Perhaps it was meant to be written the other way around–in which case it makes sense and is easily reproducible.

Create a Zone, inside of which an Irregular Grid is created with a couple regions. Edit the Zone, Shift-drag to move it without altering its shape, and the defined regions might now be outside the zone, because they didn’t move with the Zone containing them.

Ok, that makes sense. The Shift-drag feature to move the whole zone is relatively recent and not something I was aware of.

The problem is that the Zone Shape editor is just that, a shape editor, it doesn’t even ‘know’ what sort of grid it contains.

Also, with a lot of the transformations you can do in the Shape Editor, there is no way to imply a logical effect on any enclosed irregular grid points.

For example, if you move the bottom left corner or insert a new point in the top horizontal and drag it down, what effect should this have on any defined irregular grid points?

The best we could do would be to make shift-drag a special case that pops up a dialog if a grid exists and asks ‘Move child grid by same amount?’. We could then move the regions on an irregular grid, and even slide the starting positions of a hex or square grid over.

I’ve had a quick review of the code and it is actually a really tricky technical problem to make this happen.

However,

Are you aware that in the Irregular Grid editor, you can select multiple regions and move them all at once by the same amount?

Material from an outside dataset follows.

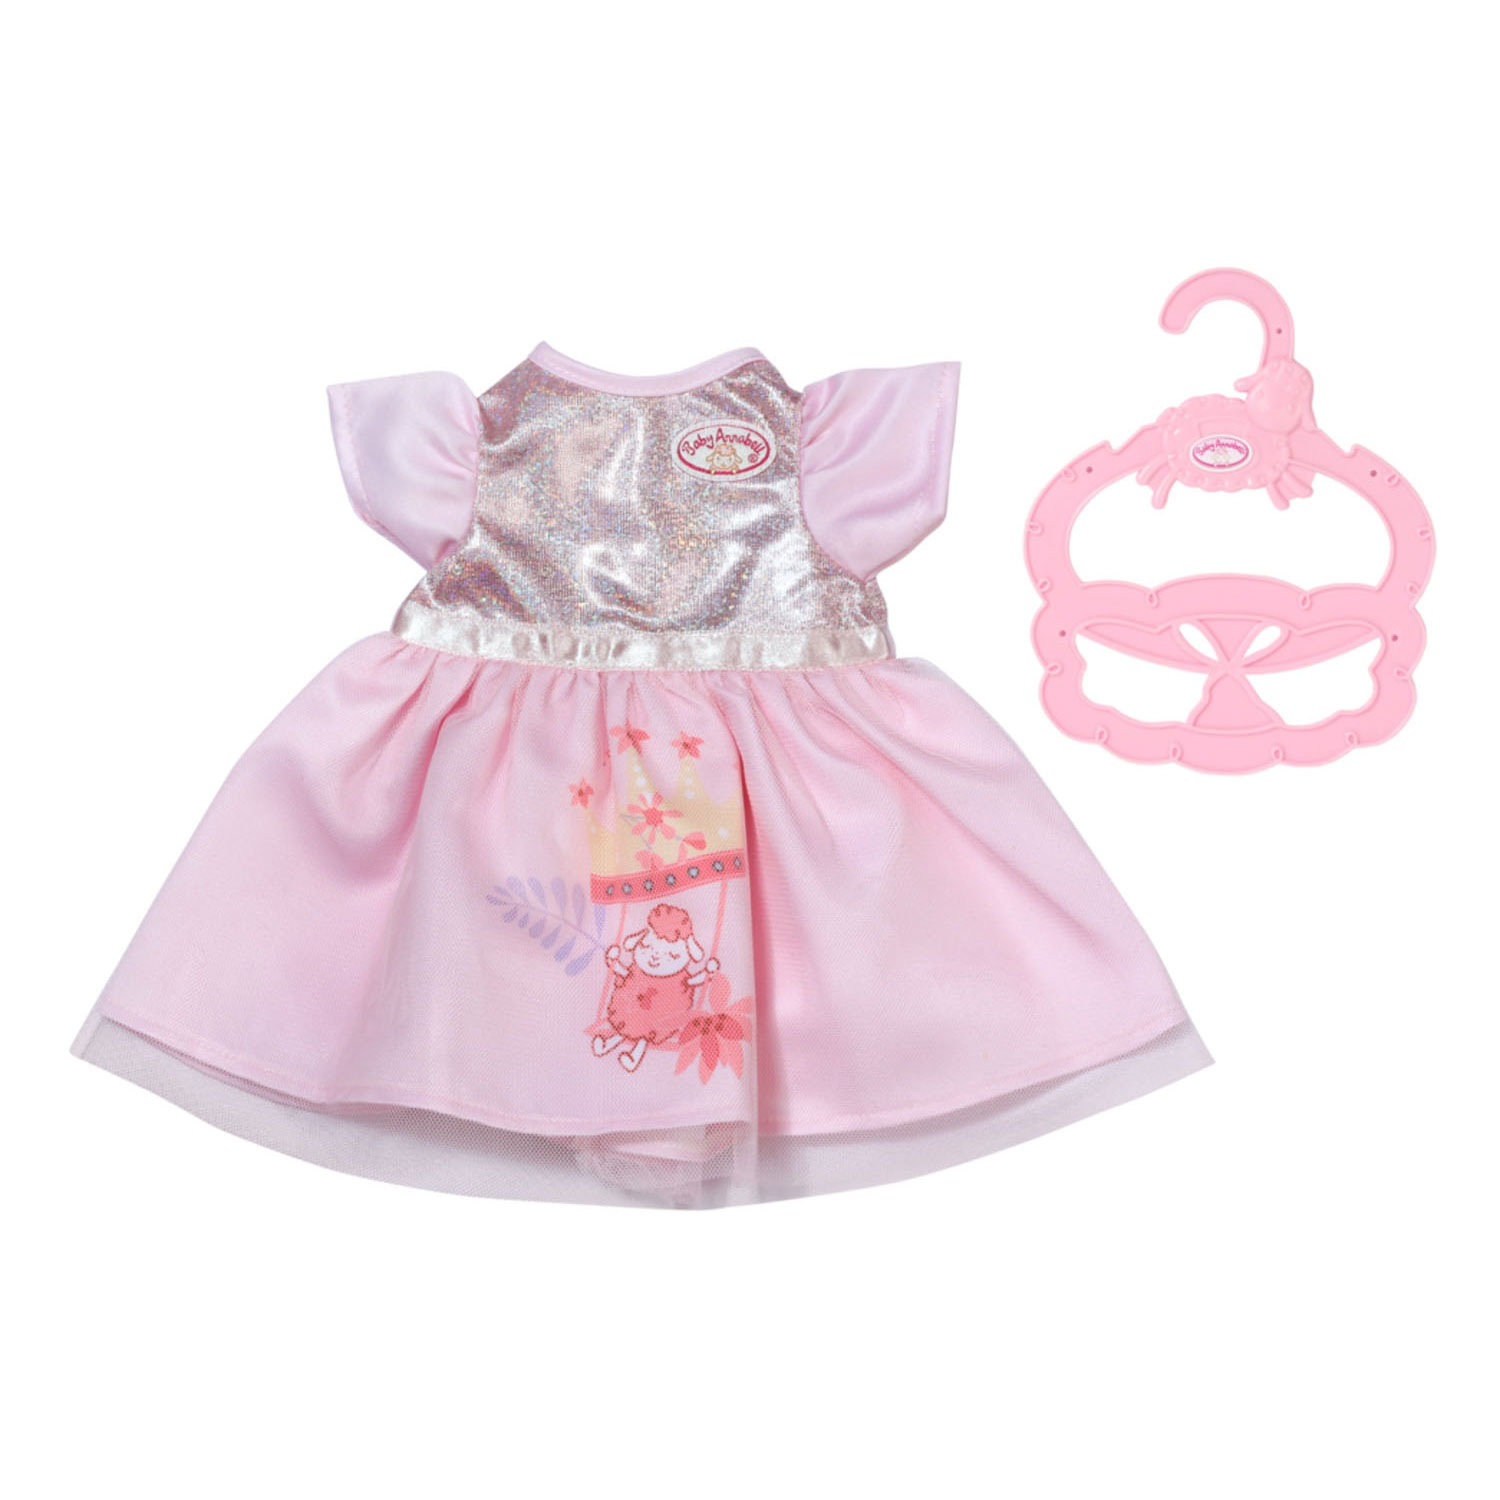 Baby Annabell Kleines süßes Kleid, 36 cm

Thanks, I did have the terminology backwards. In a zone within a multi-zoned grid, if the zone contains an irregular grid of “regions”, and the board has its dimensions altered, the zone, its grid, and the grid’s regions do not move, as one would expect, since vassal cannot be expected to “know” where the new location would be. That’s fine and well. But when one moves the grid (by shift+drag), the regions under the grid do not move with it. One is reduced to moving the regions as a separate action. If this is possible by “lasso” of all regions (or by some other method), that’s certainly an improvement over moving them one-by-one, but the real problem here is that the zone (and its grid) should be owners of the objects found beneath them (in this case the regions), and so region location should be classified as a given location within that grid, and not as an absolute location on the board. Move the zone, its grid (or grids) should move with it, and thus the regions within that grid move the same amount and direction. I don’t believe this should be an exception, but a rule. Why else use the parent-child object metaphor in Vassal, if it doesn’t apply when it comes time to modify locations of zones?

image
In this example from my design, Minneapolis is a zone defined to be where the Minneapolis airport is on the map, and the 13 regions inside it will always be in the same locations within its grid (as implied by the irregular grid shown “owning” those regions). But if the board moves, the zone stays where it was (as expected), but in moving the zone, its “children” objects do not move with it. Coming from an object-oriented programming background, from back in the eighties and nineties, that just violates inheritance from parent objects. Location references for child objects should always be relative to location of its owning, parent object.

Brent’s suggestion to move all regions at the same time didn’t occur to me - and I’ll certainly be taking advantage of it, as soon as I determine how one selects them all at one time. But the problem I’ve identified - as a result of lack of inheritance in objects - still remains and requires time-consuming intervention by the designer that shouldn’t be necessary.

As I mentioned on Discord, moving the whole zone box is one small part of the Zone region editor and is the only function where some sensible manipulation of the enclosed regions makes any sense.Even then, it’s possible you may have moved the zone point by point completely away from the enclosed regions making a subsequent ‘move whole zone’ meaningless. Plus there are issues with handling multiple moves and undo on cancel.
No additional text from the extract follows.